DATASET EXTRACT »
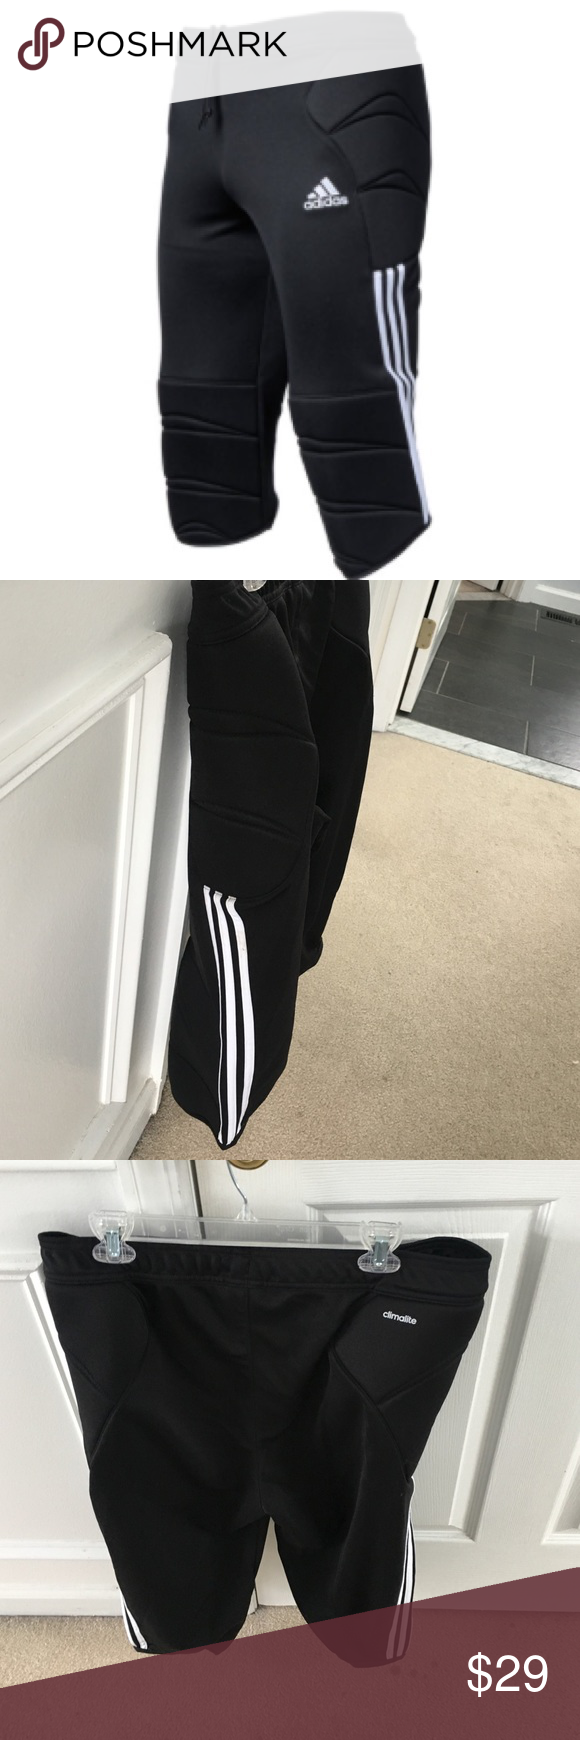 Adidas men's tierro 13 goalkeeper 34 pants Black Adidas
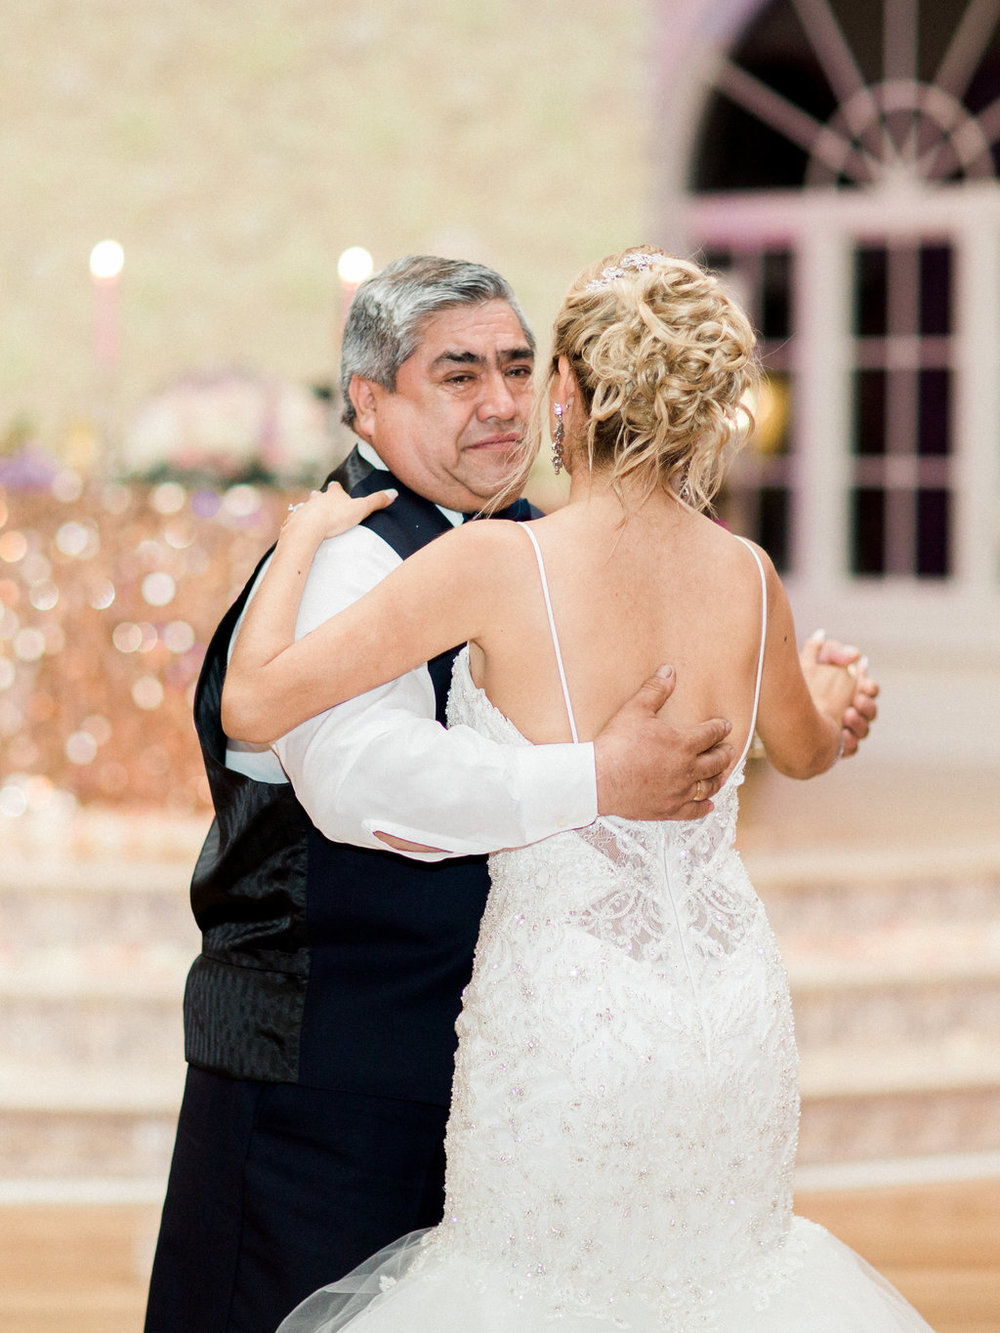 Morais-Vineyards-Winery-Beatleton-Virginia-Wedding-Photographer-79.jpg
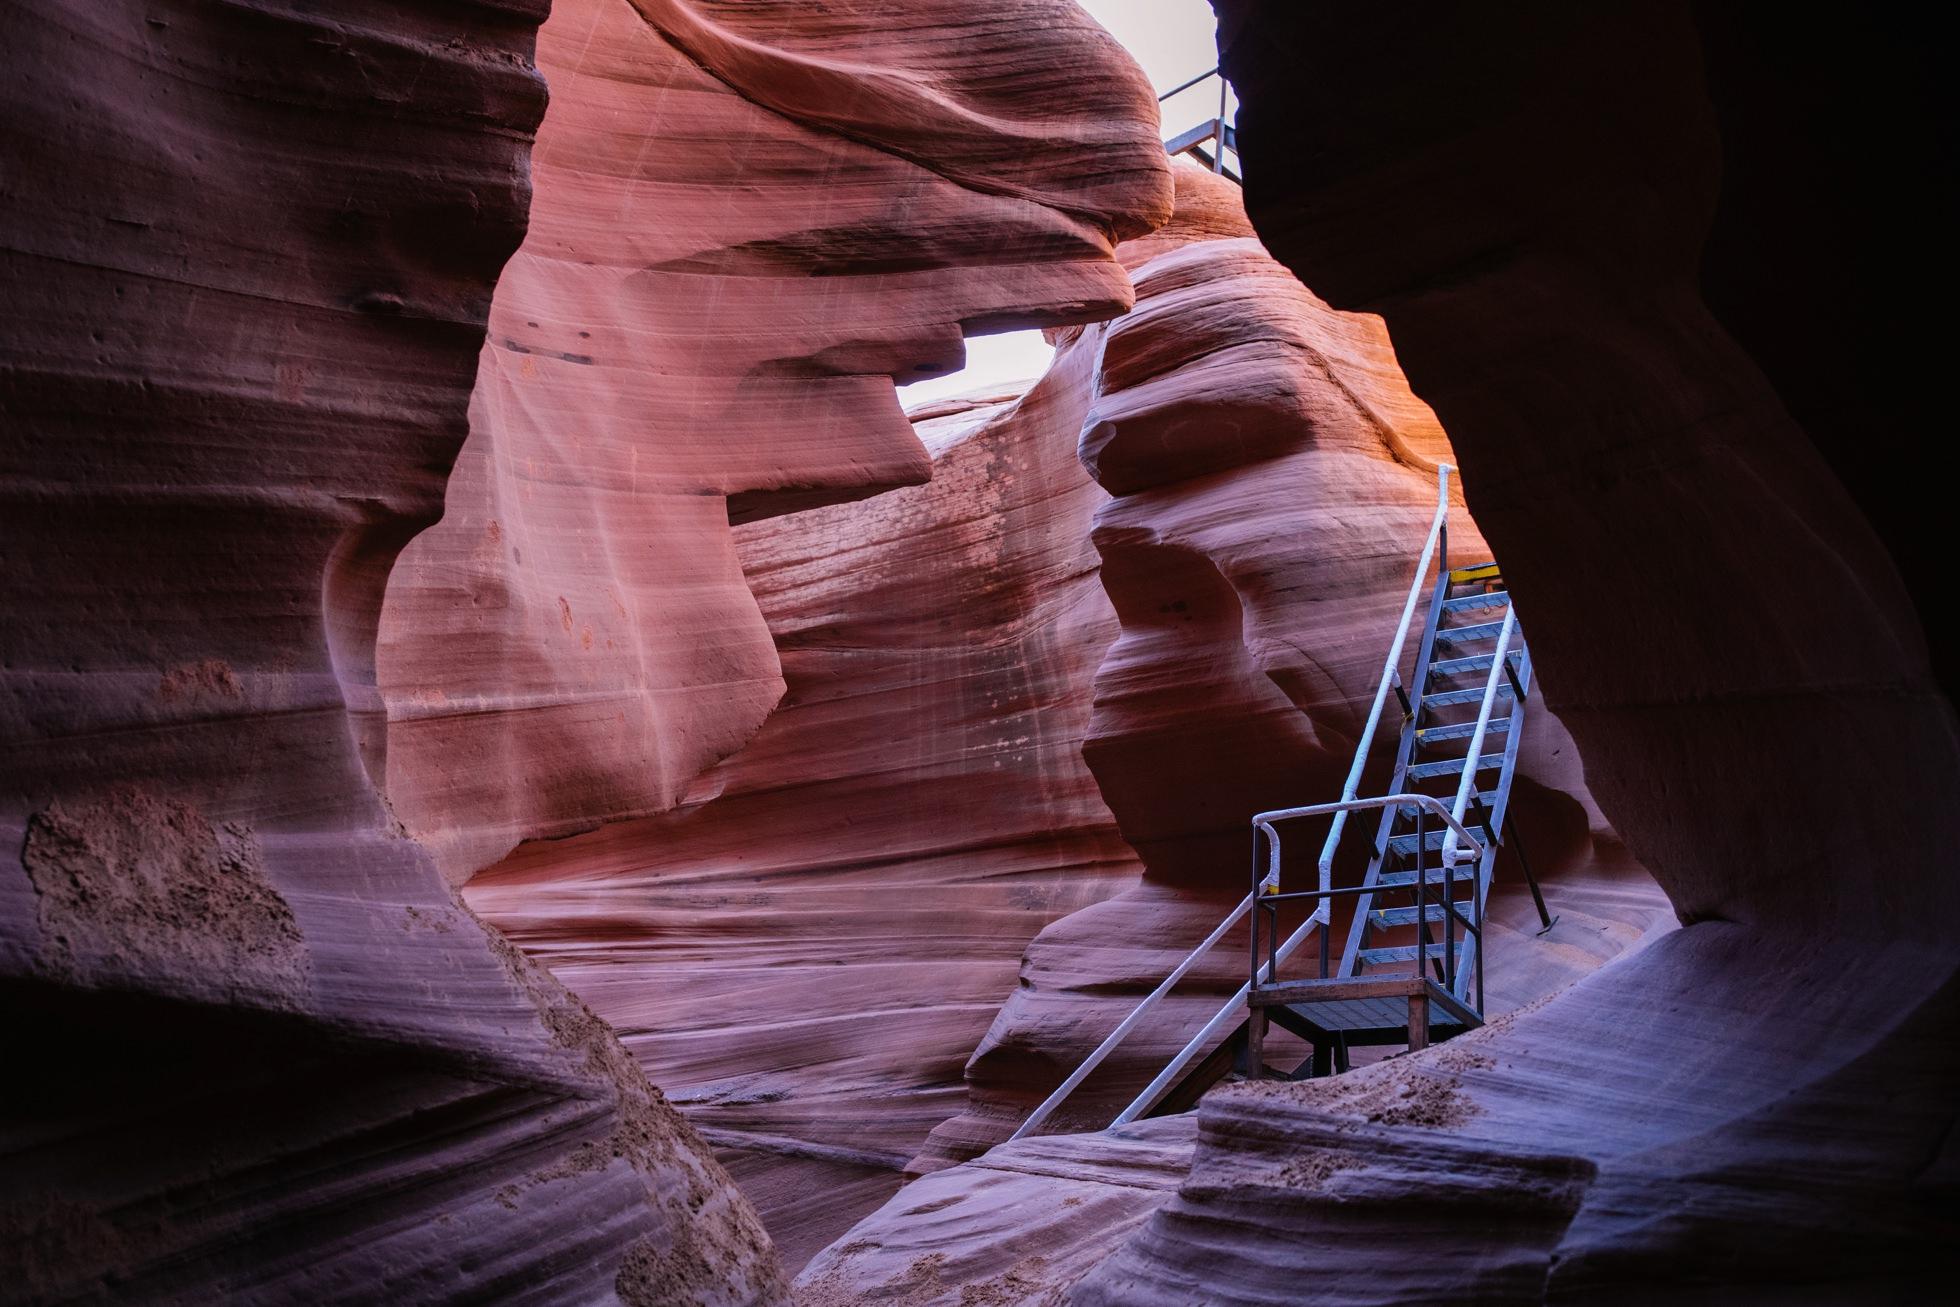 0115-lower-antelope-canyon-photography-slot-canyon-winter

WHAT IS NEEDED »
Quote the full listing above word for word; exclude every picture from the copy.

ANSWER FOR THIS EXERCISE »
 Adidas men's tierro 13 goalkeeper 34 pants Black Adidas
 Morais-Vineyards-Winery-Beatleton-Virginia-Wedding-Photographer-79.jpg
 0115-lower-antelope-canyon-photography-slot-canyon-winter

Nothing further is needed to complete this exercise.